Be applicable to narrow inspection robot mechanism of patrolling and examining working space

Technical field

The utility model relates to mobile robot mechanism, specifically a kind ofly is applicable to narrow inspection robot mechanism of patrolling and examining working space.

Background technology

In existing inspection robot for ultra-high voltage power transmission lines mechanism, mostly adopt the composite moving mechanism that wheel type mobile and composite rod combine (referring to document: Jun Sawada, Kazuyuki Kusumoto, et a1.A Mobile Robot for Inspection of Power Transmission Lines[AI.IEEE transactions of Power De1ivery, 1991.6 (1) .309～315, POULIOT, N, MONTAMBAULT, S.LineScout Technology:From inspection to robotic maintenance on live transmission power lines[C] Robotics and Automation, 2009.ICRA ' 09.IEEE International Conference on, pp.1034-1040,12-17May 2009; WU Gongping, ZHENG Tuo, XIAO Hua, et al.Navigation, location and non-collision obstacles overcoming for high-voltage power transmission-line inspection robot[C] //Mechatronics and Automation, 2009.ICMA 2009.International Conference, pp.2014-2020,9-12Aug.2009.), complex structure, the weight of these mechanisms is large, energy consumption is high, is difficult to adapt to the polling transmission line operation situation of cat-head transmission tower small space.

The utility model content

For overcome the said mechanism complex structure, the weak point such as weight is large, energy consumption is high and security protection is poor when walking, the purpose of this utility model is to provide the narrow inspection robot mechanism of patrolling and examining working space that is applicable to that a kind of obstacle climbing ability is strong, security protection is good.

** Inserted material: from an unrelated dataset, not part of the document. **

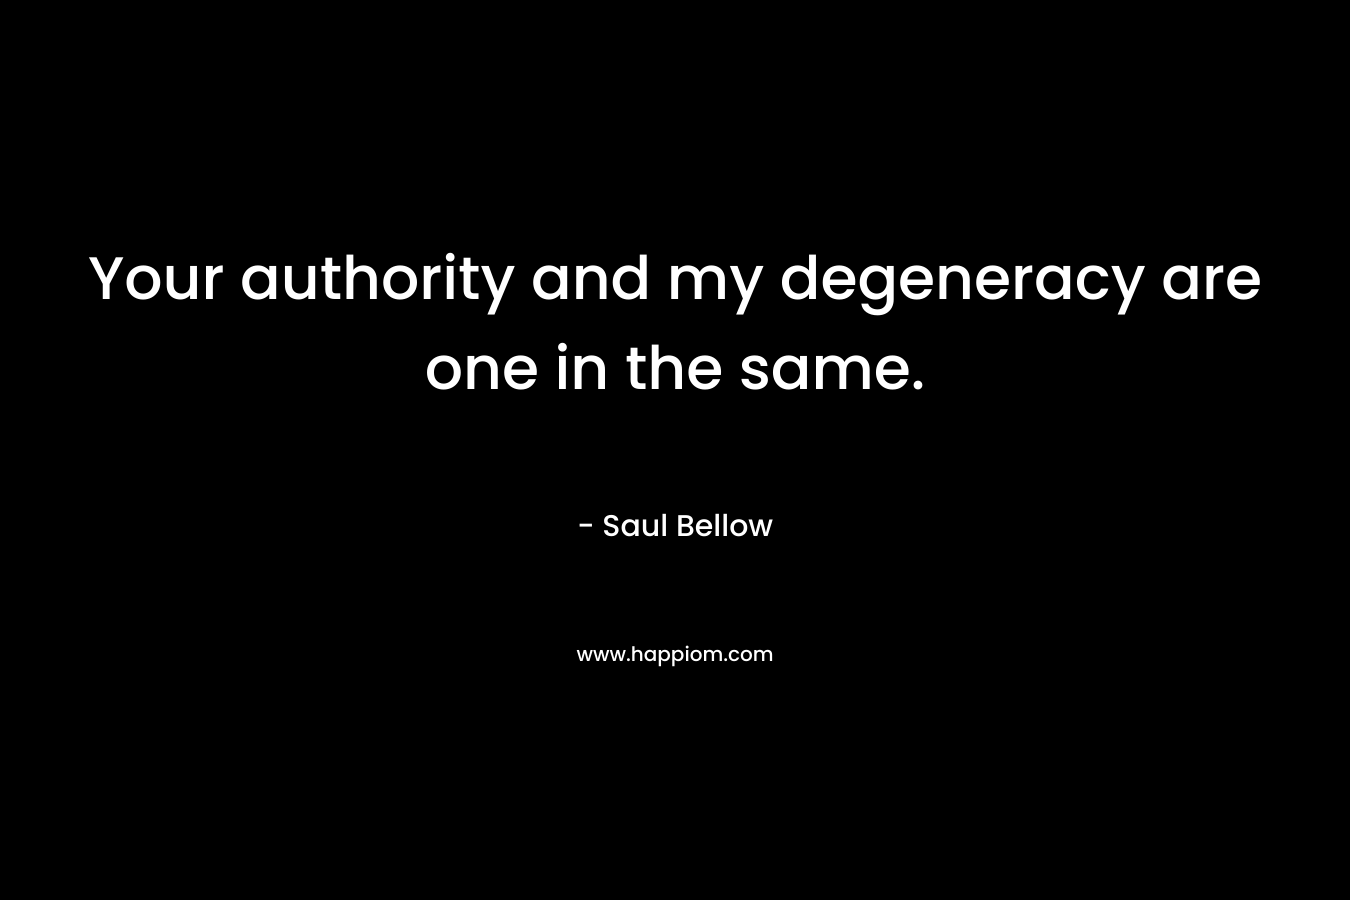 Your authority and my degeneracy are one in the same.
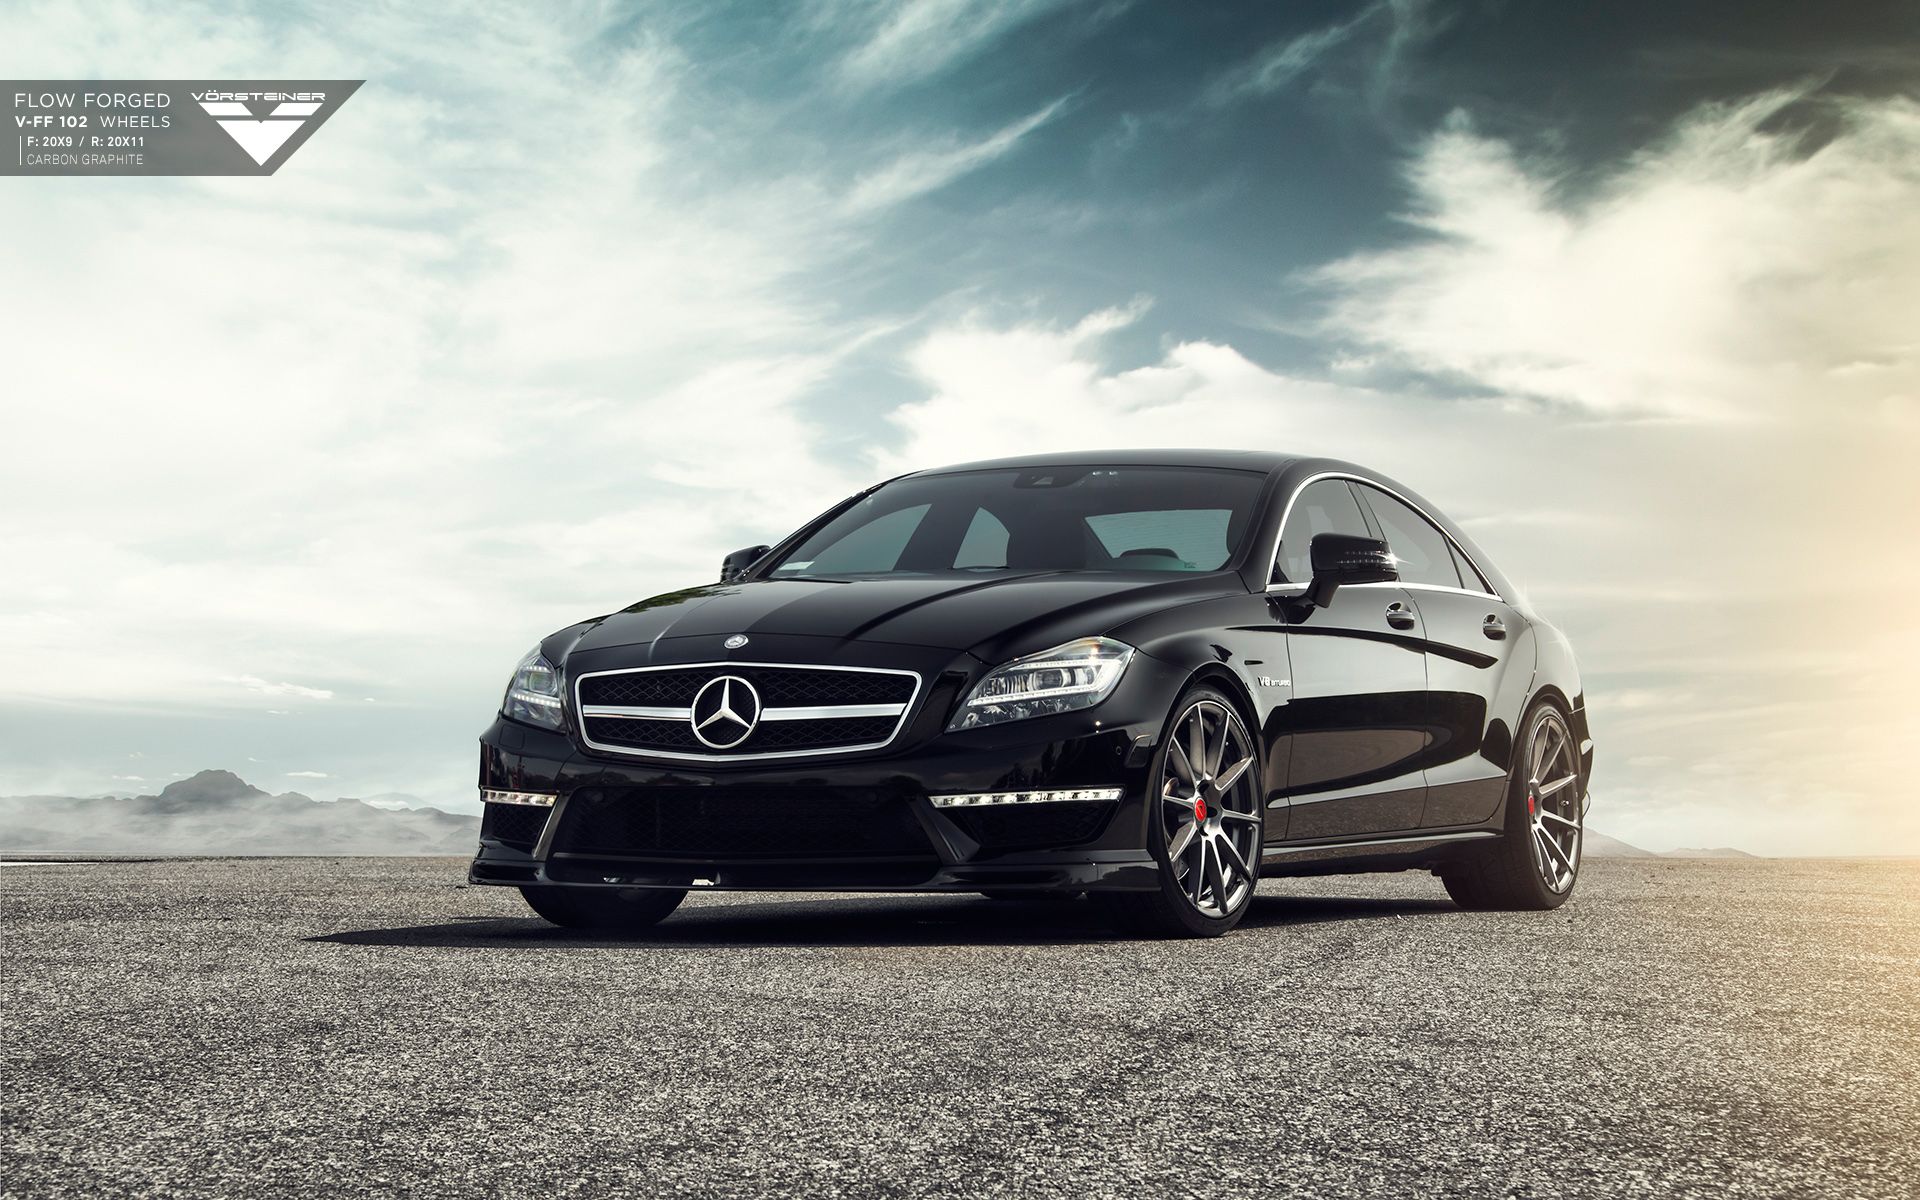 mercedes-amg-logo-wallpaper-cls-class-luxury-coupe-cls550-cls63-amg-mercedes-benz-image  - Get The Edge

The purpose of this utility model is achieved through the following technical solutions:

The utility model comprises forearm and the rear arm that front casing, rear box, the first guide rail and structure are identical, wherein on forearm and the rear arm walking mechanism and clamping device are installed all, described walking mechanism and clamping device lay respectively at top and the below of aerial earth wire; Described the first guide rail is at least two, and each first guide rail is parallel to each other, and is respectively equipped with rotatable front casing and rear box at the two ends of the first guide rail, and described forearm and rear arm are installed in respectively on outermost two the first guide rails; Described forearm and rear arm all have along the first guide rail move, in the vertical direction lifting and at the three degree of freedom of vertical direction rotation.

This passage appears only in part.